What, then, is the special problem of Peretz? Why does he raise the hackles of European immigrants more than other politicos of Middle Eastern origin?

The social agenda of Peretz certainly bothers some people. He favors raising the minimum wage to $1,000 US a month – an increase of nearly 50 per cent – the provision of pensions to all citizens, a steep increase in funds for medical care and a string of other social welfare measures that would improve the life of a million underprivileged Israelis. At the same time, his critics charge, they would bankrupt the economy.

Also making him unacceptable to some is the fondness he displays for socialist terminology that went out of fashion in Israel a generation ago. Alone among the candidates, he speaks about meeting the needs of the proletariat.

But then he has a right to do so. His two major opponents, Ehud Olmert and Binyamin Netanyahu, grew up with a silver spoon in their respective mouths, while he, in contrast, spent his early years in relative poverty and hasn't forgotten it.

This doesn't cut any ice, however, with the immigrants from the former Soviet Union, many of whom – especially the older ones – are living in poverty and would greatly benefit from the reforms favored by Peretz. Indeed, Russia immigrants generally will not even consider voting for "that Moroccan."

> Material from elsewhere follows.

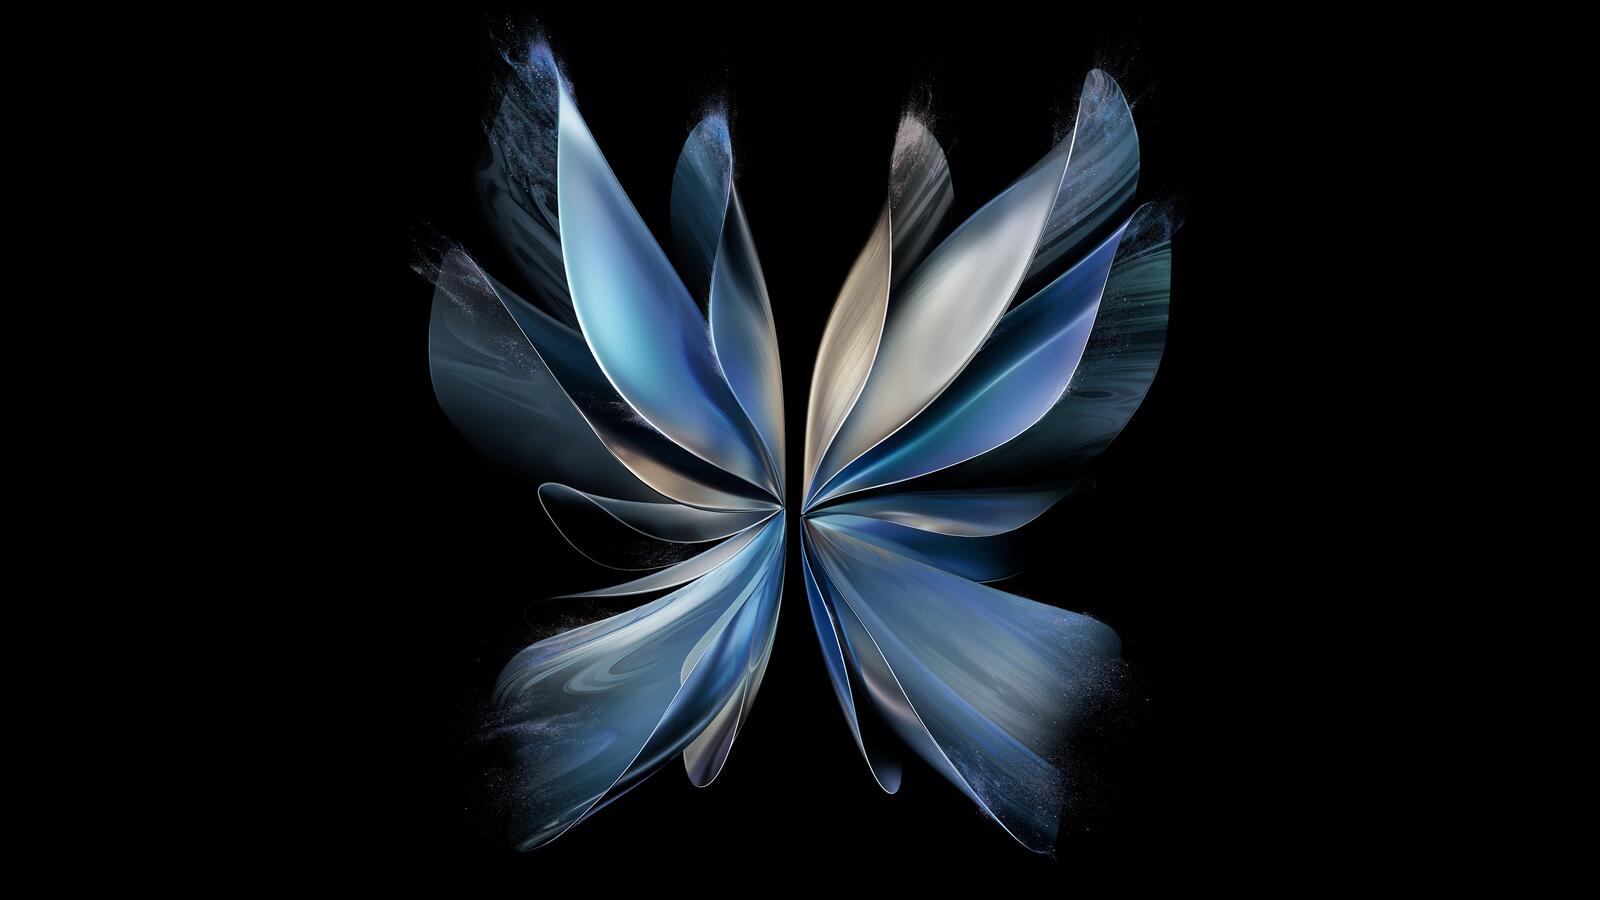 免费照片一个蝴蝶形状的亮蓝色物体。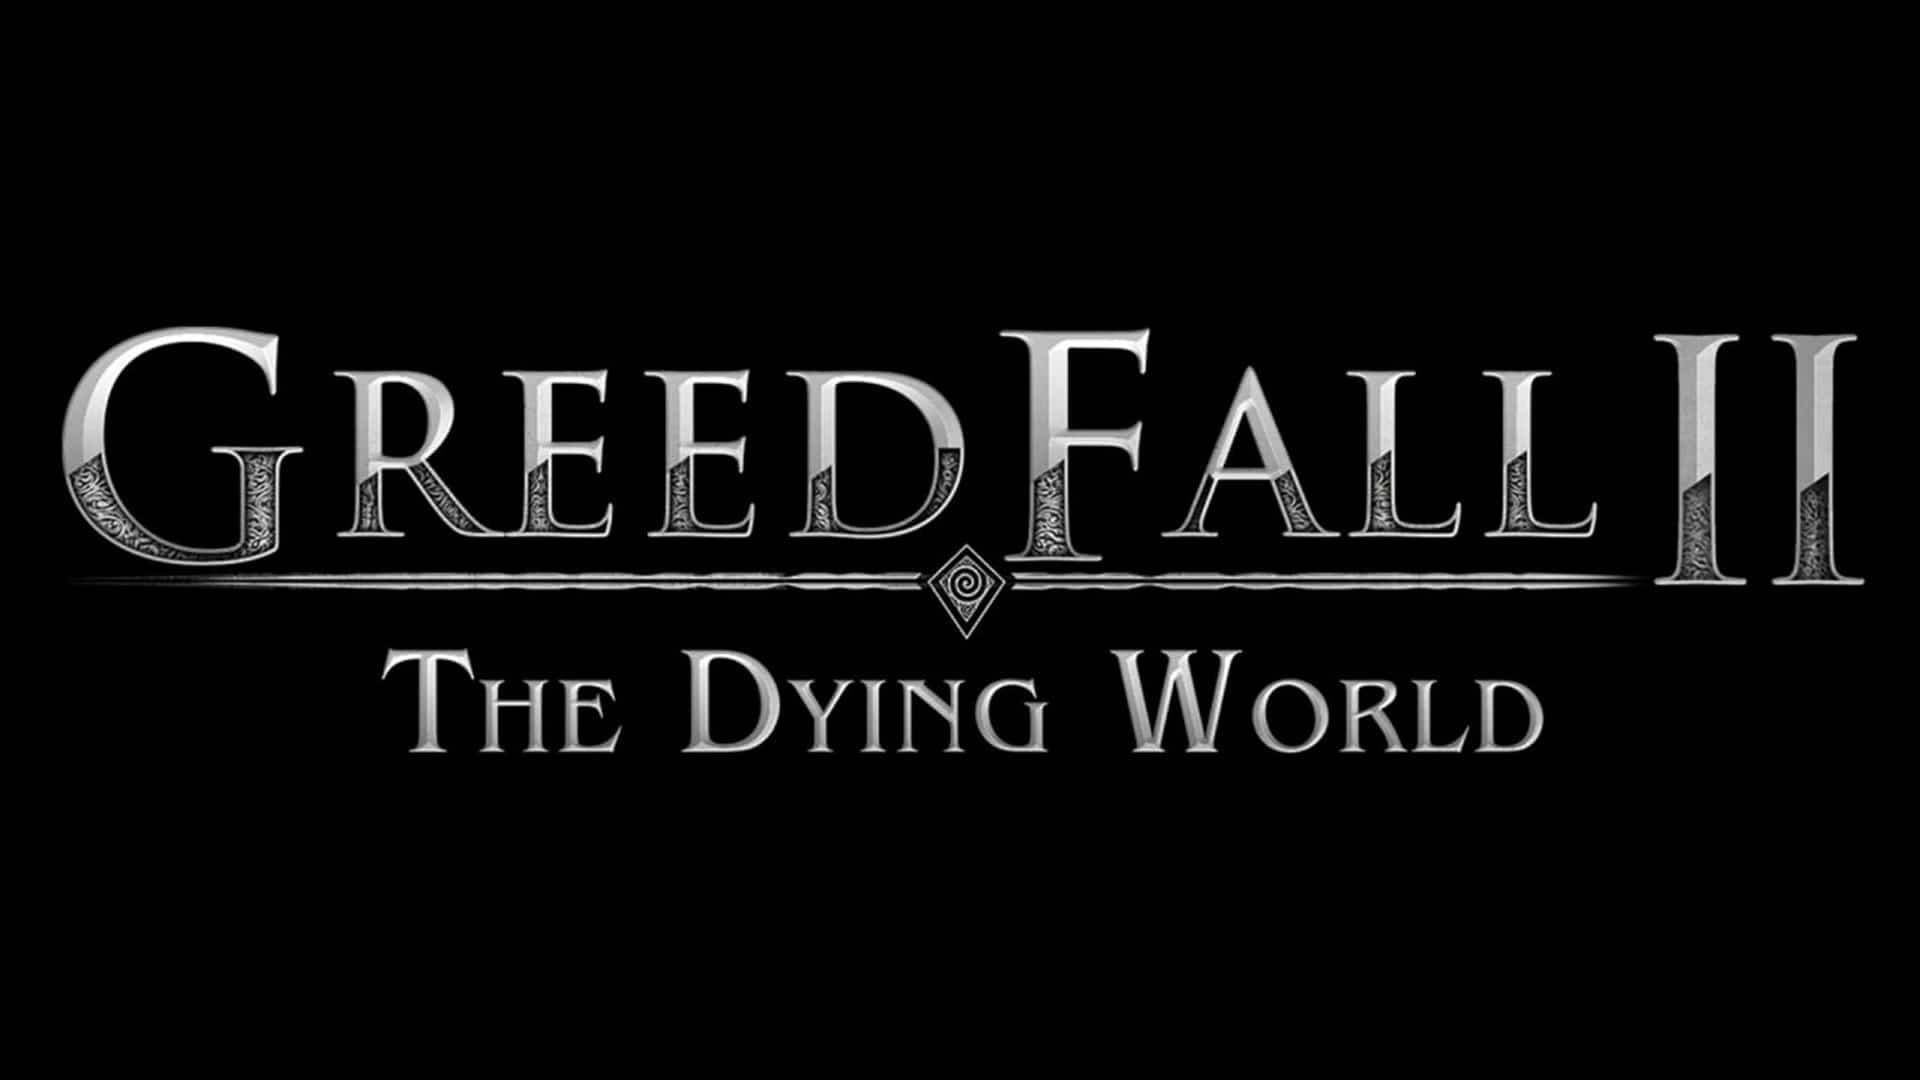 GreedFall 2 The Dying World anunciado para PC y consolas, GamersRD

Thus, when a Russian-language website recently asked surfers to select their preferred candidates for prime minister, they listed three people: Olmert (Kadima), Netanyahu (Likud) and Avigdor Lieberman (Yisrael Beiteinu). They didn't bother to list Peretz.

With immigrants from the former Soviet Union making up perhaps 20 per cent of the electorate, their hostility is a very serious handicap.

Nechemia Meyers is a freelance writer in Rehovot, Israel.